I did see Epernay, and a few other of the region’s towns from the bus window, which wasn’t quite the same of course but it was what my body needed. At each town, we wound around to the station to exchange passengers who would have been on the train, and at one point we swung into a bus depot although I forget why that was needed. I don’t remember changing drivers.

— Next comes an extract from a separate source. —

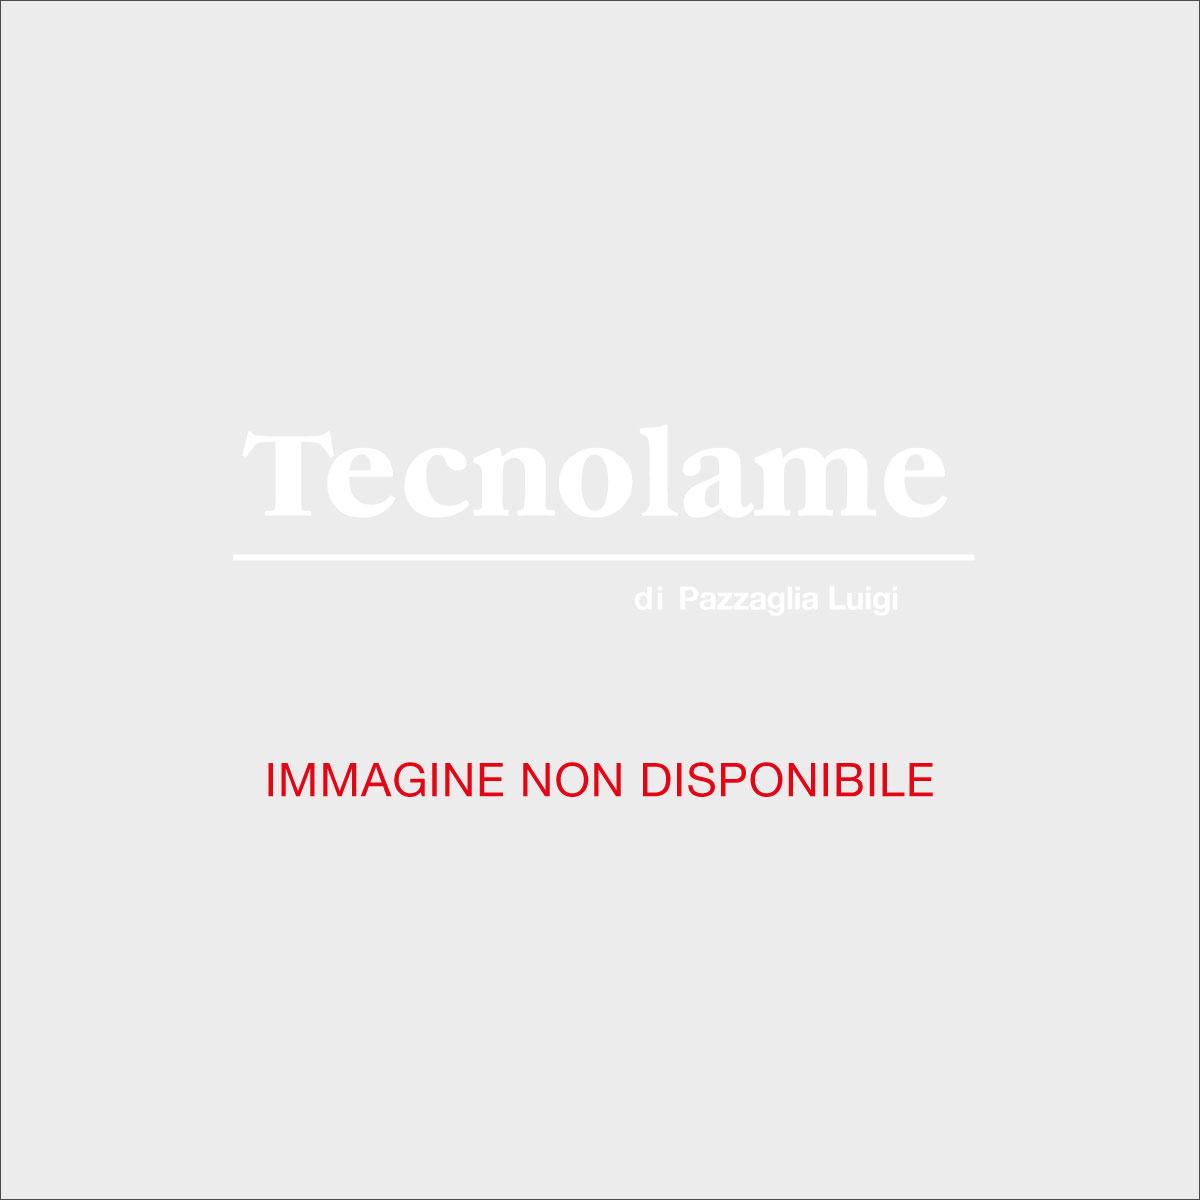 tecnolame
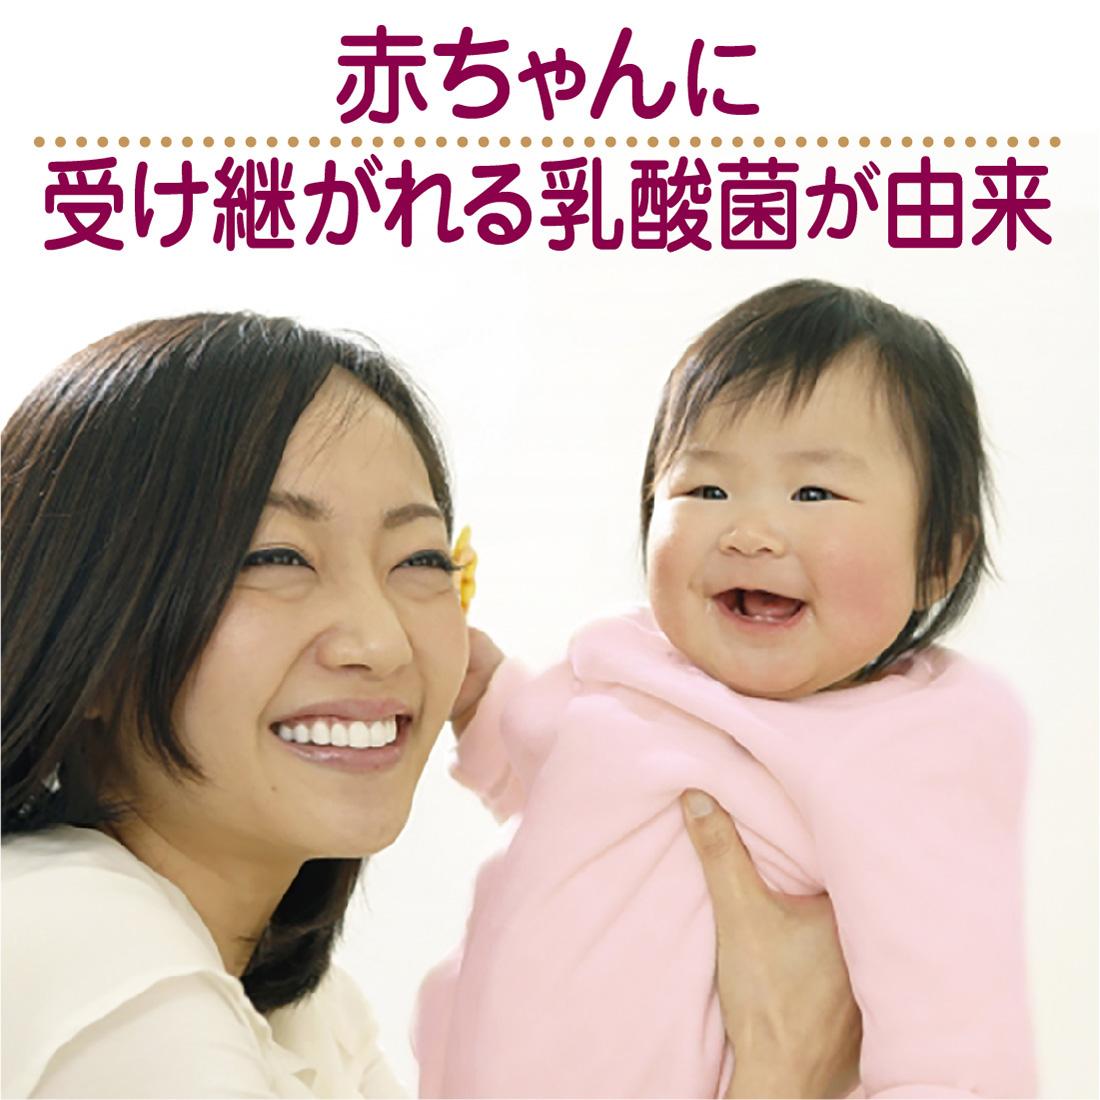 おやすみ乳酸菌 クマザサ なた豆 プロポリス キシリトール配合 口臭予防 歯周病 歯肉炎

Saint-Dizier – early afternoon

As I was dropped off by the station in Saint-Dizier, the driver looked around and almost seemed apologetic at leaving me there. Sure, it wasn’t nearly such an attractive little town – we’d now left the really scenic valley stretches behind. But it didn’t seem that bad really. And, in fact, it wasn’t that bad. The B&B owners were wonderfully helpful – letting me in to the room way earlier than check in time. The old parts of the little town were definitely charming, and both of the cafes I ate in (lunch and dinner) had great food and friendly staff. Better still, I had time for a couple of naps at the B&B in between. Interestingly, my original accommodation for this area had been a roadside motel in a less inviting looking area outside of the town. It would not have served me nearly so well on my altered circumstances and I was very glad to have spotted this place on a closer look. Even before I went to sleep for the night I felt like my bodily systems were coming back online. Without going into specifics, the backlog of all forms was clearing nicely. Knowing now that I had options, I decided to have a go at riding the next day and see how I got on. It would be one of the longest days of the tour, which wasn’t ideal – but I’d got supplies from the town supermarket so I could start early by skipping the included breakfast. A couple of hours head start on the day would mitigate the heat and let me take a slower pace over the distance.